MIGHTEE: total intensity radio continuum imaging and the COSMOS / XMM-LSS Early Science fields

TL;DR

MIGHTEE is a galaxy evolution survey using MeerKAT that produces deep, high-resolution radio continuum images of key extragalactic fields, with validated data processing and public data releases.

Contribution

This paper details the data processing strategy for MIGHTEE's total intensity continuum imaging, including direction-dependent corrections and primary beam correction methods.

Findings

Achieved thermal noise levels below 2 μJy/beam in deep fields.

Produced catalogues with nearly 10,000 to 20,000 radio components.

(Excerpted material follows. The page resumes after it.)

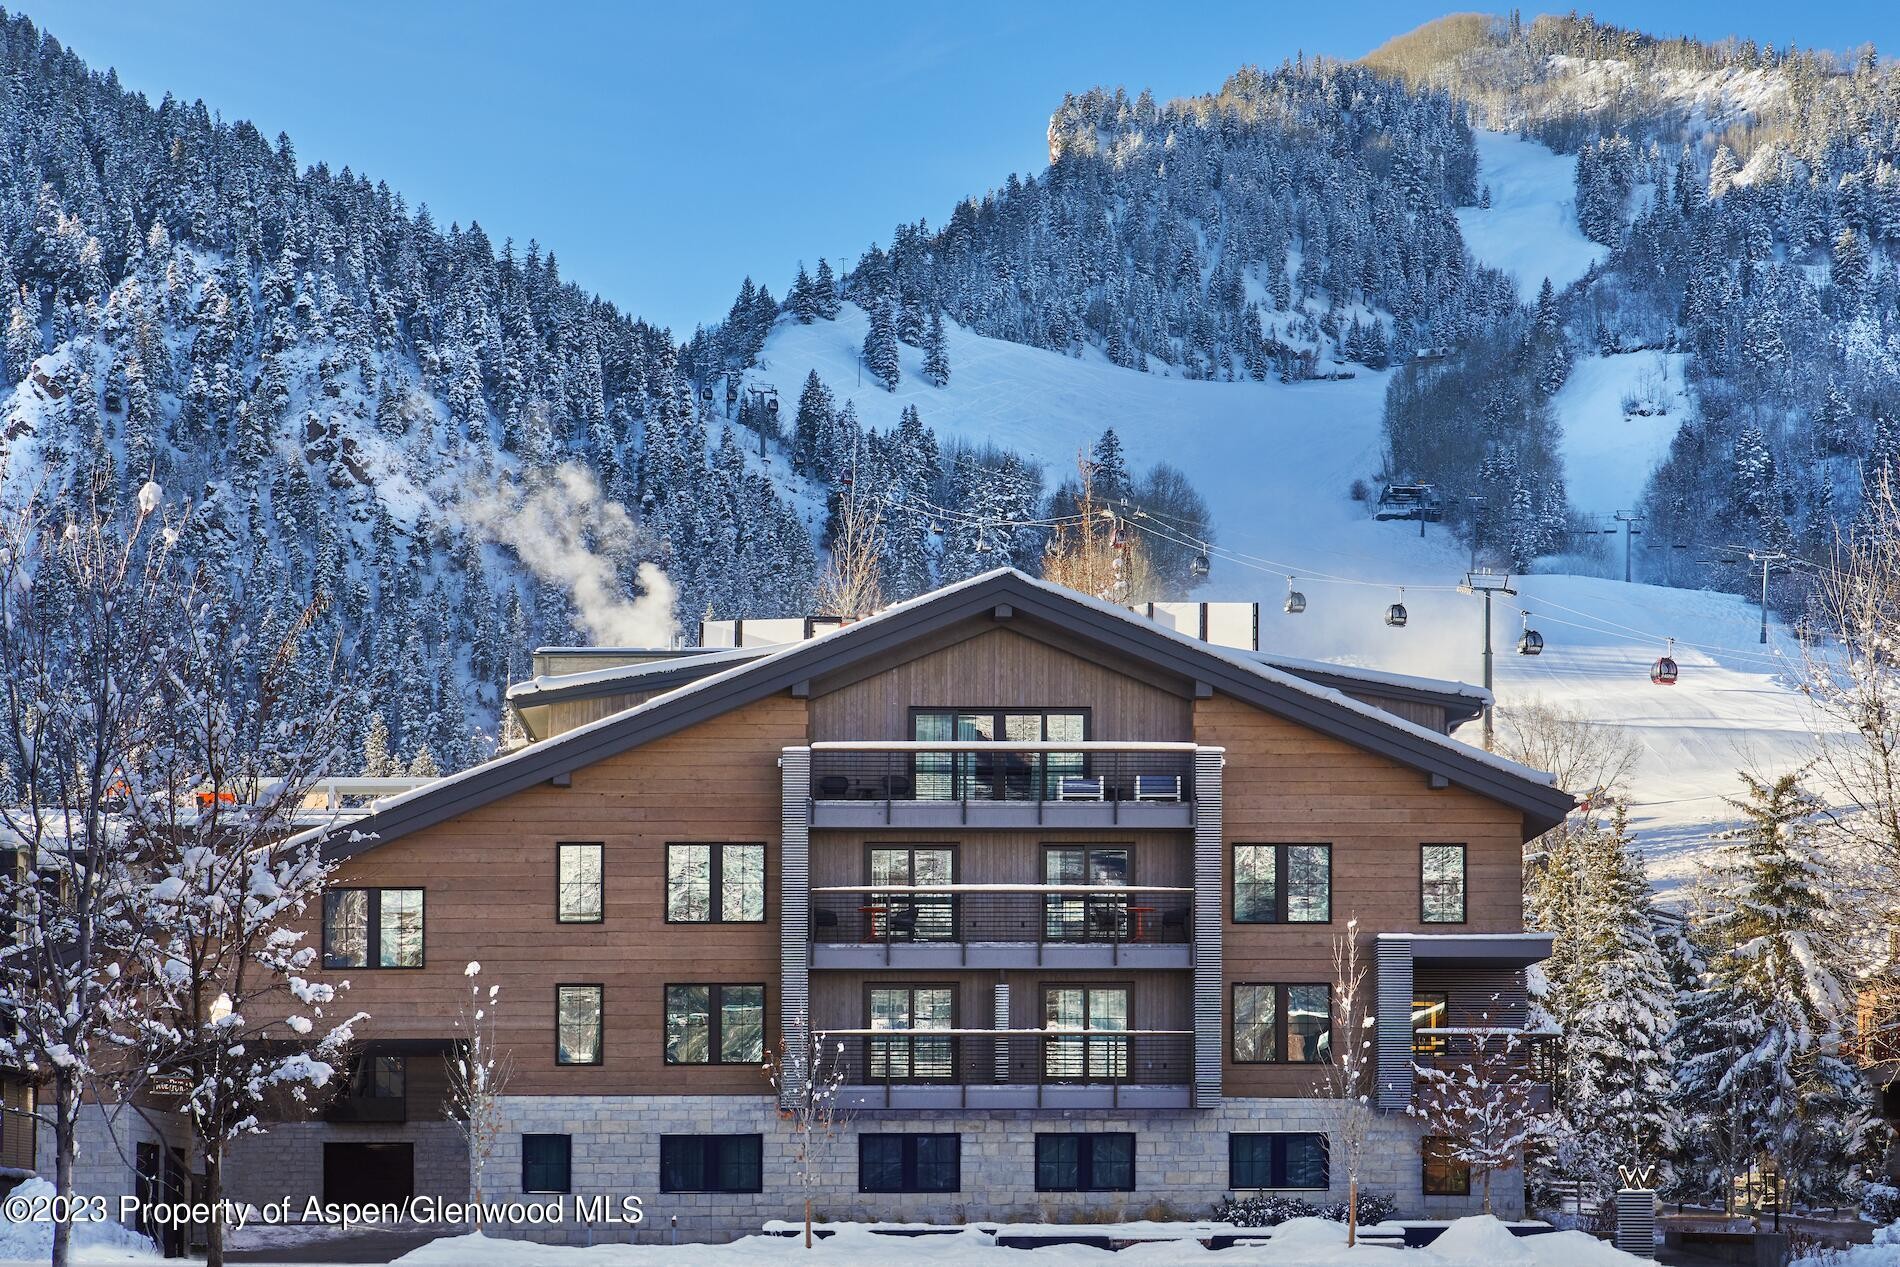 550 S Spring #F2-2 : a Luxury Fractional Ownership Property for Sale - Aspen, Colorado
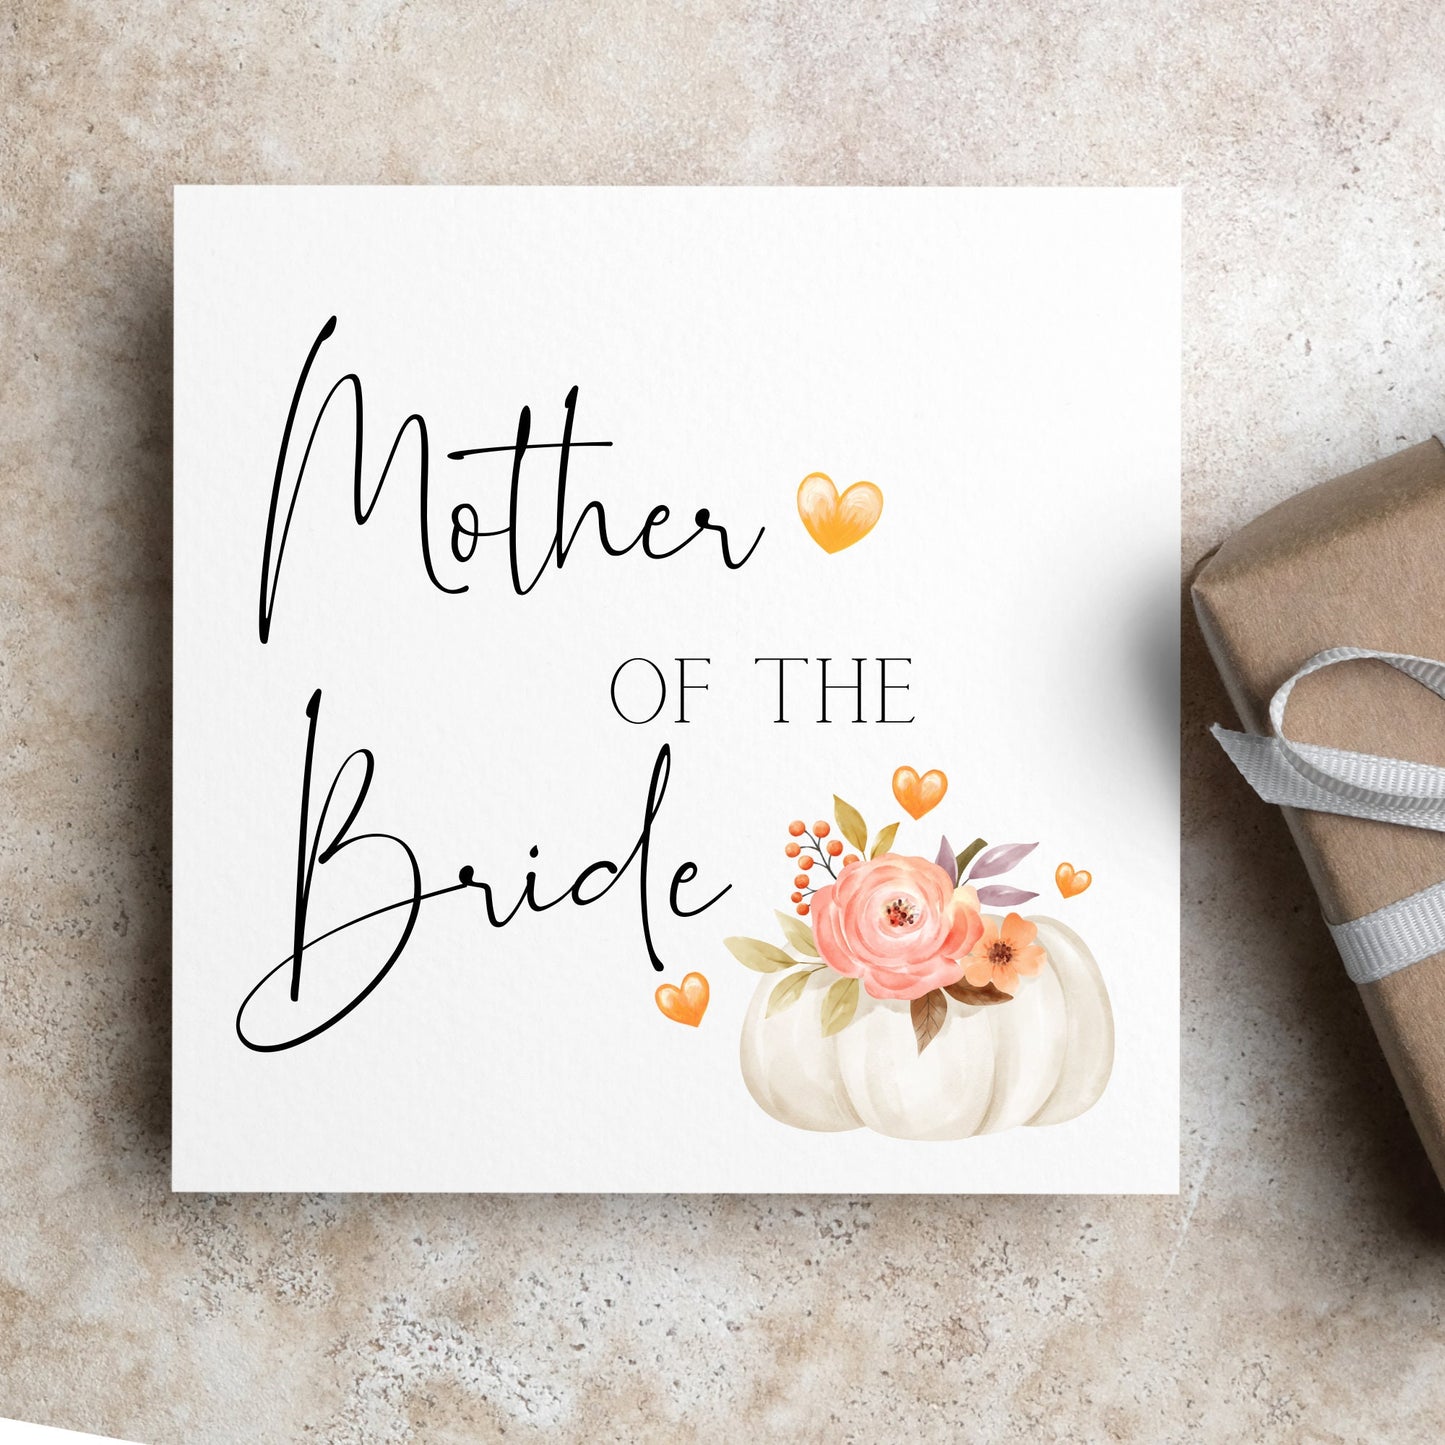 Parents of the bride card, parents of groom, sister of bride groom, mother of bride groom, autumn wedding cards for bride & groom relations

Validated primary beam correction techniques for broadband radio images.

Abstract

MIGHTEE is a galaxy evolution survey using simultaneous radio continuum, spectro-polarimetry, and spectral line observations from the South African MeerKAT telescope. When complete, the survey will image $\sim$20 deg$^{2}$ over the COSMOS, E-CDFS, ELAIS-S1, and XMM-LSS extragalactic deep fields with a central frequency of 1284 MHz. These were selected based on the extensive multiwavelength datasets from numerous existing and forthcoming observational campaigns. Here we describe and validate the data processing strategy for the total intensity continuum aspect of MIGHTEE, using a single deep pointing in COSMOS (1.6 deg$^{2}$) and a three-pointing mosaic in XMM-LSS (3.5 deg$^{2}$). The processing includes the correction of direction-dependent effects, and results in thermal noise levels below 2~$\mathrm{\mu}$Jy beam$^{-1}$ in both fields, limited in the central regions by classical confusion at $\sim$8$''$ angular resolution, and meeting the survey specifications. We also produce images at $\sim$5$''$ resolution that are $\sim$3 times shallower. The resulting image products form the basis of the Early Science continuum data release for MIGHTEE. From these images we extract catalogues containing 9,896 and 20,274 radio components in COSMOS and XMM-LSS respectively. We also process a close-packed mosaic of 14 additional pointings in COSMOS and use these in conjunction with the Early Science pointing to investigate methods for primary beam correction of broadband radio images, an analysis that is of relevance to all full-band MeerKAT continuum observations, and wide field interferometric imaging in general. A public release of the MIGHTEE Early Science continuum data products accompanies this article.